Beginning with the first line below, please restate each line exactly, down to and including the line containing "Handwriting Apps For iPad".
Start of Block
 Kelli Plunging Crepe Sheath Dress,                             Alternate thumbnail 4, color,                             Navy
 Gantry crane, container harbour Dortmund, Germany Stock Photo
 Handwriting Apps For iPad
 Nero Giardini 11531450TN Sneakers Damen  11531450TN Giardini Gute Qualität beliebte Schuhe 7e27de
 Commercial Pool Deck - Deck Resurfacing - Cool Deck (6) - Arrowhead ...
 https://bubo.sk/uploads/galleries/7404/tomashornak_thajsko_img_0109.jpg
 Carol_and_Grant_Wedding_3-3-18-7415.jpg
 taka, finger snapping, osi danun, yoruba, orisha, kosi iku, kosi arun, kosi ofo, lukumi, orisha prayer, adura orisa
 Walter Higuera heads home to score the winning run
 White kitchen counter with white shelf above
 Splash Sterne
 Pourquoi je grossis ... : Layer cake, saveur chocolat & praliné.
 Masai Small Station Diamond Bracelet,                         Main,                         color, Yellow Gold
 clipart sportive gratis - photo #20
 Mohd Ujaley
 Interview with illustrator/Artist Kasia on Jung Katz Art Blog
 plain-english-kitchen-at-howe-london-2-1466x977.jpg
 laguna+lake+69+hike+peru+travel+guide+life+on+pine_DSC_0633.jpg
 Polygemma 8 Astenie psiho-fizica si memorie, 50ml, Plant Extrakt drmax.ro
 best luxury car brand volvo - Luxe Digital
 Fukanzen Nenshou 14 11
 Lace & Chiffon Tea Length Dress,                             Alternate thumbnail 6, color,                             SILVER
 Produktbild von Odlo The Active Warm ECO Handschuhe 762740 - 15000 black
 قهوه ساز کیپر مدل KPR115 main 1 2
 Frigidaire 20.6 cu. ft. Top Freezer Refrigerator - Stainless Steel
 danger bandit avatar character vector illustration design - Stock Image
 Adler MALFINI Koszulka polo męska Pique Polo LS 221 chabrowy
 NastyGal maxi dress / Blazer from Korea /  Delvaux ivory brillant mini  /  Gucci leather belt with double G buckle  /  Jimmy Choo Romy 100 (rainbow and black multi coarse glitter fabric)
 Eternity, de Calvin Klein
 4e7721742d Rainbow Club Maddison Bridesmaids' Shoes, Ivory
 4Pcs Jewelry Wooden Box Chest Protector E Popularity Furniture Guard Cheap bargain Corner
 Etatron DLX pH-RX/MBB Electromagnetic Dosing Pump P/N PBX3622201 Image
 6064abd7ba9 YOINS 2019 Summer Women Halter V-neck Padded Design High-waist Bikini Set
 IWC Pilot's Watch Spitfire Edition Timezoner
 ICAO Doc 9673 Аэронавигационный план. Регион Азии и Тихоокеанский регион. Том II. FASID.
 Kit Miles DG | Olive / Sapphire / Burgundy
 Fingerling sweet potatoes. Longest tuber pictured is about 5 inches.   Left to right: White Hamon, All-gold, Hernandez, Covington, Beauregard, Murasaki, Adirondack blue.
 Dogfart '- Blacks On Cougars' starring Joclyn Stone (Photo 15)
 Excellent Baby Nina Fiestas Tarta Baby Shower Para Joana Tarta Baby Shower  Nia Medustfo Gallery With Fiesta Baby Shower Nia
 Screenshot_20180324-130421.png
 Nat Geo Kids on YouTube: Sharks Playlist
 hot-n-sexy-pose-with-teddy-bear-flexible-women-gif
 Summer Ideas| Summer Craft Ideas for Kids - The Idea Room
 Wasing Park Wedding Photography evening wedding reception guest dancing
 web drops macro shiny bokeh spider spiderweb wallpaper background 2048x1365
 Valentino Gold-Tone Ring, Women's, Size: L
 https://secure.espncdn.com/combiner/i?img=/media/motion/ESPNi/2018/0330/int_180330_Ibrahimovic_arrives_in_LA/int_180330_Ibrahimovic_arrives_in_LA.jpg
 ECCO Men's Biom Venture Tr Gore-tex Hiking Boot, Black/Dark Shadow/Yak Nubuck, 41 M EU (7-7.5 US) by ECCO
End of Block
**Response area**
 Kelli Plunging Crepe Sheath Dress,                             Alternate thumbnail 4, color,                             Navy
 Gantry crane, container harbour Dortmund, Germany Stock Photo
 Handwriting Apps For iPad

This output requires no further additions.